Linear algebra

[AbdelRahmanShady]

Sorry dont know where to post this.
But i am planning on self learning linear algebra. I watched 3blue1brown series and want tp go deep, but i dont know which book to pick. I need it to begin from zero and build on that yet be completely rigrous. I dont mind if book doesnt cover advanced concepts if it can give me the right foundation to come up with my own proofs.any videos recommended will also be helpful

 

[blamocur]

I don't know of any good books, but my personal preference is always for the thinner ones.

 

[Steven G]

Kolman has good intro to Linear Algebra books. The classic book is by Hoffman and Kunze, but you might find it a bit advanced even though some colleges use it for their intro to Linear Algebra course.

 

[Steven G]

The thinner books are not necessarily the easier ones. I studied commutative algebra from a thin book and it was the hardest book I ever studied from. In fact, it was a war between me and the problem sets in that book and I am sad to say that I lost that battle in my of the sections in that book. Commutative Algebra by far was the hardest course I have ever taken.

 

[AbdelRahmanShady]

Last question when to know tou understand a solution or just convinving yourself you understood

 

[Steven G]

You should now what you understand. I am not sure what you are asking?

 

[BigBeachBanana]

You should now what you understand. I am not sure what you are asking?

I think the OP is asking how can you tell if his understanding is real or truth...

 

[AbdelRahmanShady]

Sometimes just because proof in a book you falsely convince yourself that it works without actually fully understanding so how to defferrenciate between true understanding or just memorizkng or falsly cinbinving

 

[blamocur]

The thinner books are not necessarily the easier ones. I studied commutative algebra from a thin book and it was the hardest book I ever studied from. In fact, it was a war between me and the problem sets in that book and I am sad to say that I lost that battle in my of the sections in that book. Commutative Algebra by far was the hardest course I have ever taken.

Coincidentally, I remember studying commutative algebra from a thin book too, but a very long time ago. Don't remember the author, but remember liking the book even if I haven't learned that much in the end.

I'd agree that thinness alone is not enough, but, personally, I find myself feeling lost and bored with thick books.

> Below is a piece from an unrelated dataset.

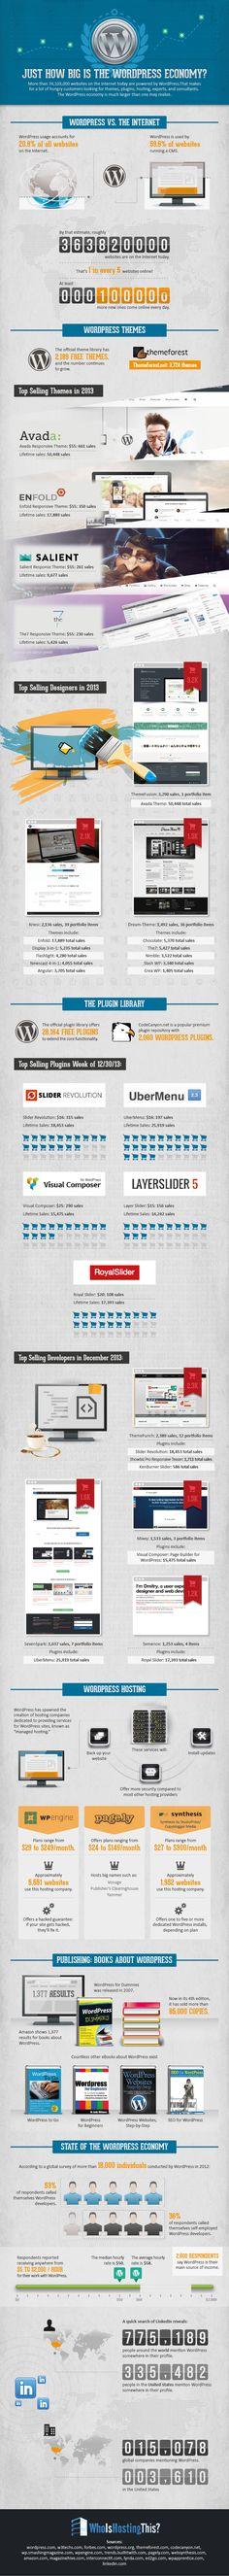 Just How Big is the WordPress Economy?   #infographic #WordPress #Blogging #MDMC400

They can be good for reference, but they rarely worked for me when I needed an introduction to a new subject.

 

[blamocur]

Sometimes just because proof in a book you falsely convince yourself that it works without actually fully understanding so how to defferrenciate between true understanding or just memorizkng or falsly cinbinving

I am quite familiar myself with those false convictions Some recommendations I can think of:

• Trying to describe the proof to someone familiar with the subject, like other students. It helps if they challenge your statements as much as possible. Personally, I've often found holes in my understanding when trying to explain it to others.
• Doing exercises which involve similar proofs.
• Doing any exercises on the topic.

 

[blamocur]

Sometimes just because proof in a book you falsely convince yourself that it works without actually fully understanding so how to defferrenciate between true understanding or just memorizkng or falsly cinbinving

And another one: do not be afraid to make mistakes and/or ask silly questions. One might feel slightly embarrassed when corrected, but, in my experience, realizing one's mistakes has been the most efficient way to learn.

 

[AbdelRahmanShady]

I am quite familiar myself with those false convictions Some recommendations I can think of:

• Trying to describe the proof to someone familiar with the subject, like other students. It helps if they challenge your statements as much as possible. Personally, I've often found holes in my understanding when trying to explain it to others.
• Doing exercises which involve similar proofs.
• Doing any exercises on the topic.

I know no students i am self learning

 

[topsquark]

Last question when to know tou understand a solution or just convinving yourself you understood

Use the proof to work out examples. Usually this not only exposes any problems you made while deriving your proof but it also gives you practical experience in using it. You get a better feel for things.

-Dan

 

[blamocur]

Sounds like freeMATHhelp is your only choice for now I wonder if there are other forums specifically for discussing math as opposed to having questions answered.

 

[AbdelRahmanShady]

Use the proof to work out examples. Usually this not only exposes any problems you made while deriving your proof but it also gives you practical experience in using it. You get a better feel for things.

-Dan

I mostly prove previous theoems in my own way so even if my proof is wrong the theorm will hold. Most pf my proofs are logical but i am always afraid i messed an eedge case or a loop hole like what happens in programming

 

[blamocur]

I mostly prove previous theoems in my own way so even if my proof is wrong the theorm will hold. Most pf my proofs are logical but i am always afraid i messed an eedge case or a loop hole like what happens in programming

If your proofs aren't too long and nicely typeset I am sure someone will try to check them.

 

[AbdelRahmanShady]

Ok what about how to know if I understand a Proof. I can sure apply the theorm but fully understanding the proof. How to know if I fully understand each steps and constrains that will make proof fail if not present.

 

[Steven G]

Sometimes just because proof in a book you falsely convince yourself that it works without actually fully understanding so how to defferrenciate between true understanding or just memorizkng or falsly cinbinving

You need to understand every line in the proof. Don't memorize anything. You should know if you are understanding something, are memorizing something or are falsely convincing yourself that you understand the lines in the proof.

 

[blamocur]

Ok what about how to know if I understand a Proof. I can sure apply the theorm but fully understanding the proof. How to know if I fully understand each steps and constrains that will make proof fail if not present.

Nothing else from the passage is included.